FILE - In this Aug. 25, 2018, file photo, Houston Texans quarterback Deshaun Watson prepares to take the field prior to an NFL preseason football game against the Los Angeles Rams in Los Angeles. Watson has been sued by four more women who accuse him of sexual assault and harassments. The lawsuits were filed Thursday night, March 18, 2021, hours after the NFL said it was investigating earlier allegations by three massage therapists who said the quarterback sexually assaulted them during massages. (AP Photo/Kelvin Kuo, File)

It’s been a couple of weeks ago that the Texans went completely off the map and selected Stanford quarterback Davis Mills in the third-round – their actual first pick — of the NFL Draft.

Almost immediately, there were questions about what the selection of Mills means for the future of disgruntled and troubled franchise quarterback Deshaun Watson. Those questions have only grown louder in the silence from the Texans when it comes to Watson’s status with the team.

Their actions, however, seem to have spoken volumes.

Since Watson first demanded a trade because of issues with owner Cal McNair to the serious legal trouble the quarterback faces after 22 massage therapists have filed lawsuits alleging sexual misconduct, the Texans quarterback room has changed dramatically.

The team has added veteran starter Tyrod Taylor, reliable backup Ryan Finley and now Mills via a valuable commodity also known as a third-round pick. And passing game coordinator and quarterbacks coach Pep Hamilton is now leading the room. It would seem the Texans have put a plan in place to move on from Watson.

New general manager Nick Caserio has done his best to make us believe Mills was simply the best player available regardless of position at the No. 67 overall pick. That might be more believable had the Texans picked a pass rush specialist or wide receiver with the first pick of this new regime.
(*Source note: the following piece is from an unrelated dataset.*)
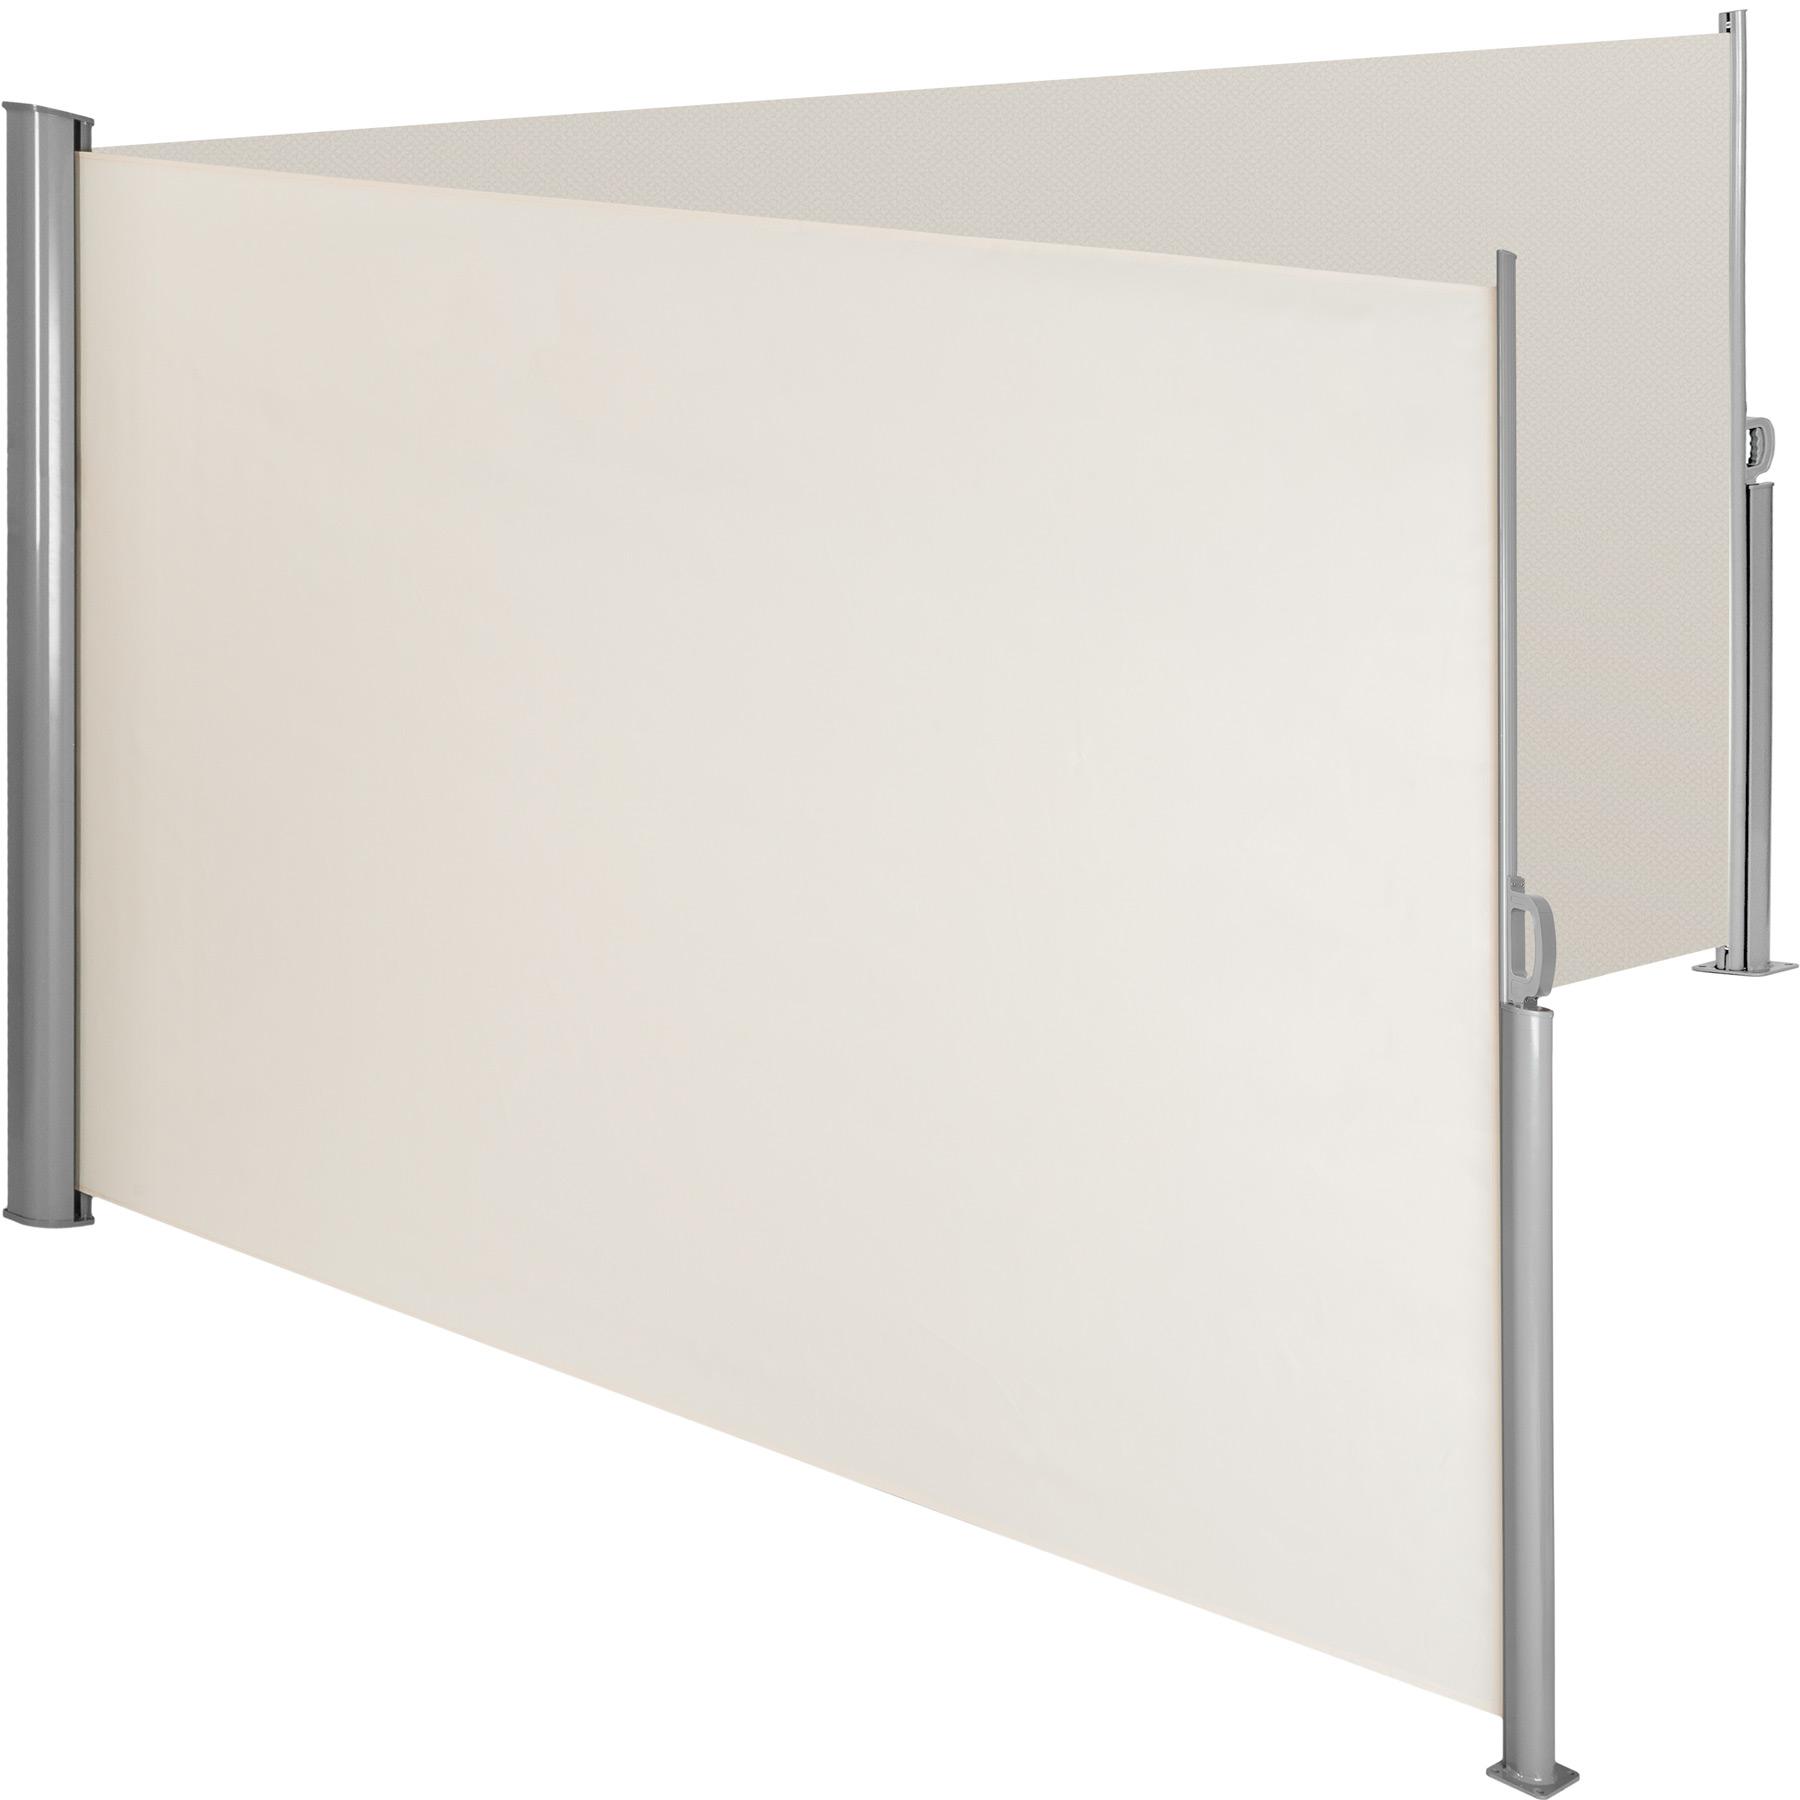 Aluminium Doppel Seitenmarkise - beige, 200 x 600 cm günstig online kaufen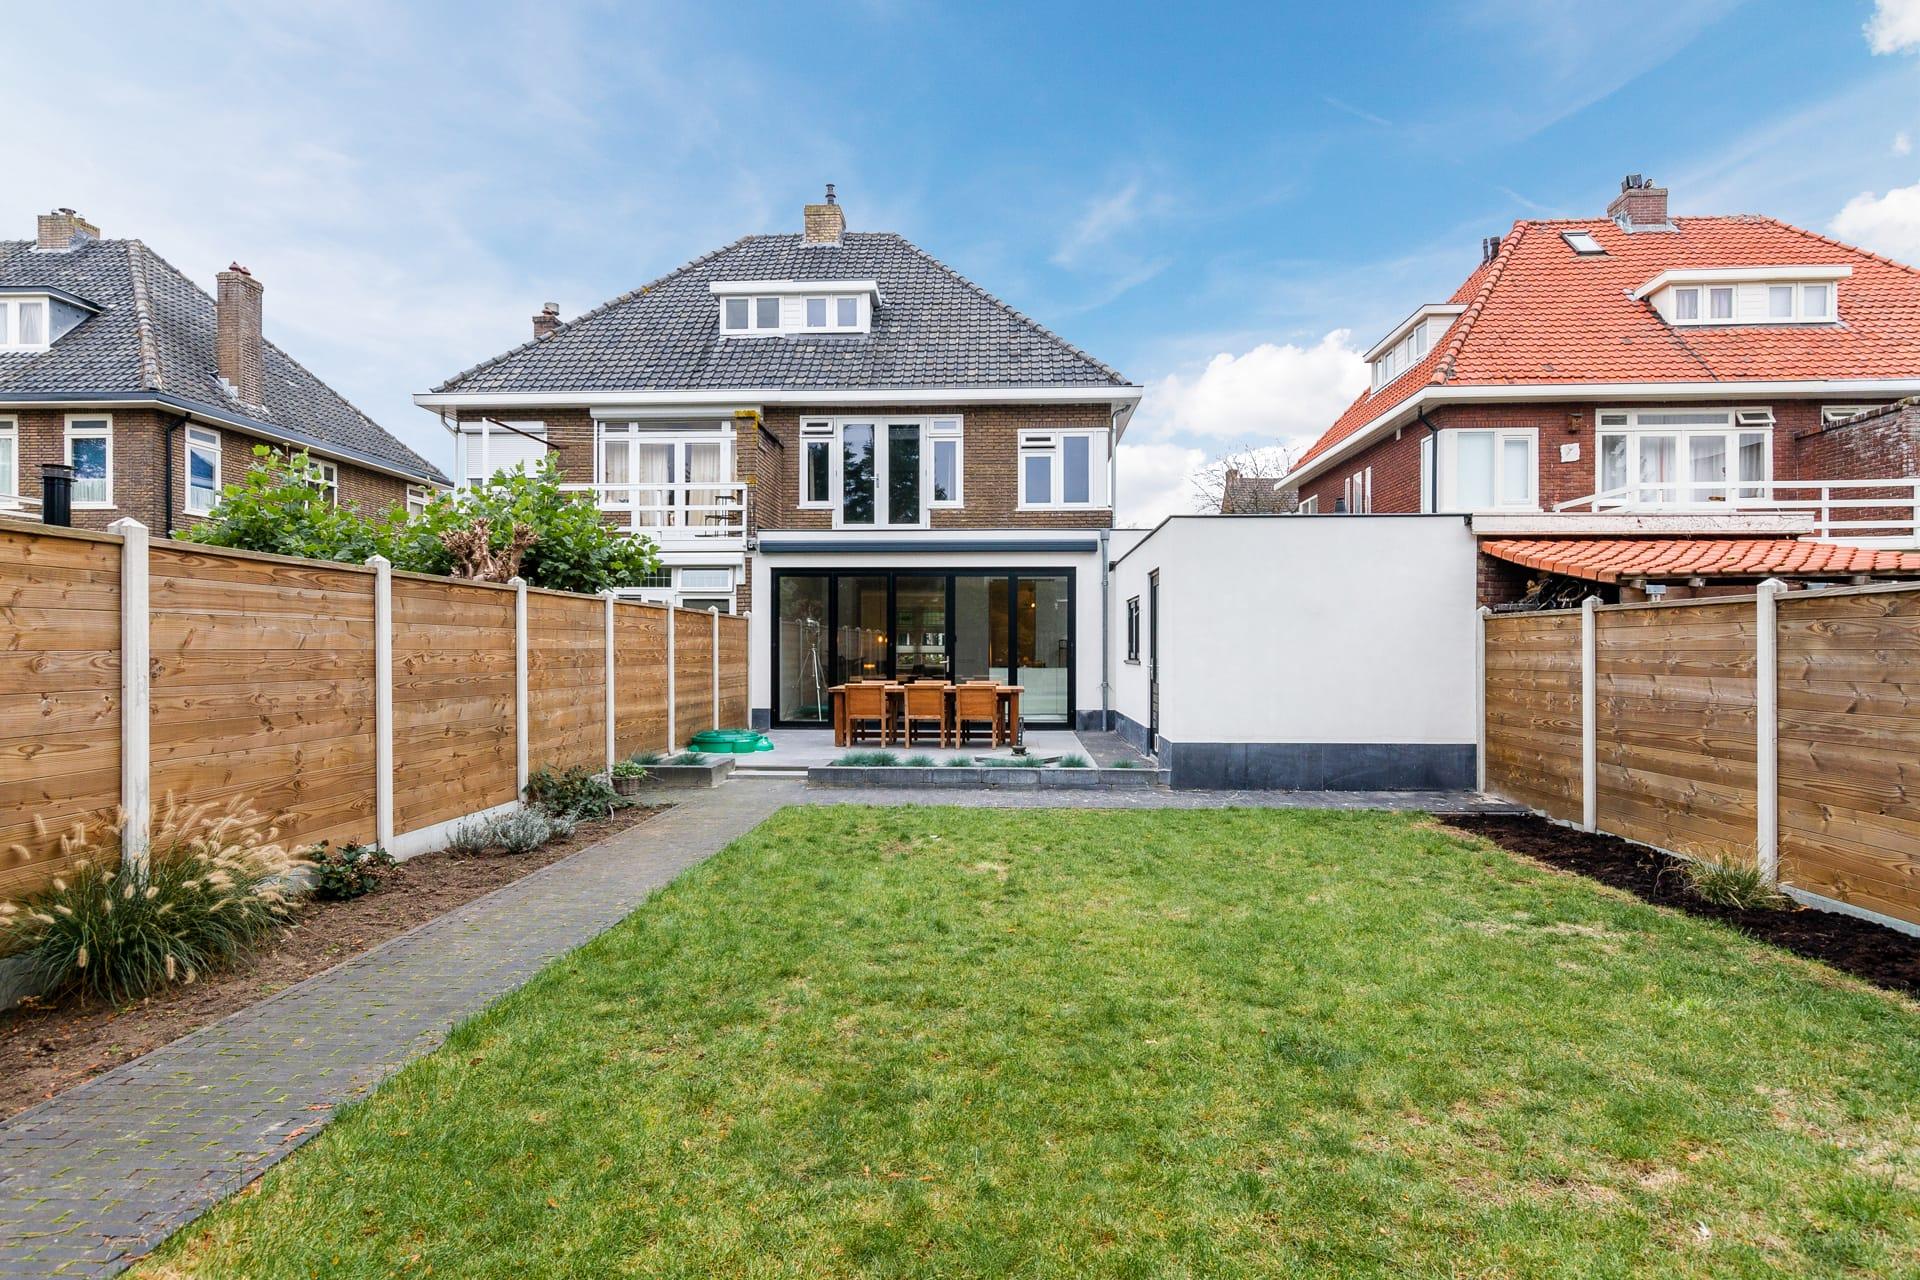 van-Os-architecten-verbouwing-2-onder-1-kapper-Valkenierslaan-Breda-achtergevel-met-aluminium-vouwschuifpui

 “It’s just part of the team-building process,” said Caserio, who is a disciple of Bill Belichick. “I wouldn’t say there was any one specific factor or any one particular thing that goes into it. What we tried to do is evaluate the players and put the players in a position and on the board and then go through our process.”

The Texans are smart to have made the moves that have been made in the quarterback room. There is a chance that even if the Texans wanted to hold Watson to the four-year, $156 million contract extension he signed last fall, that with the serious nature of the criminal and civil allegations being waged he won’t be available to play for any team this upcoming season.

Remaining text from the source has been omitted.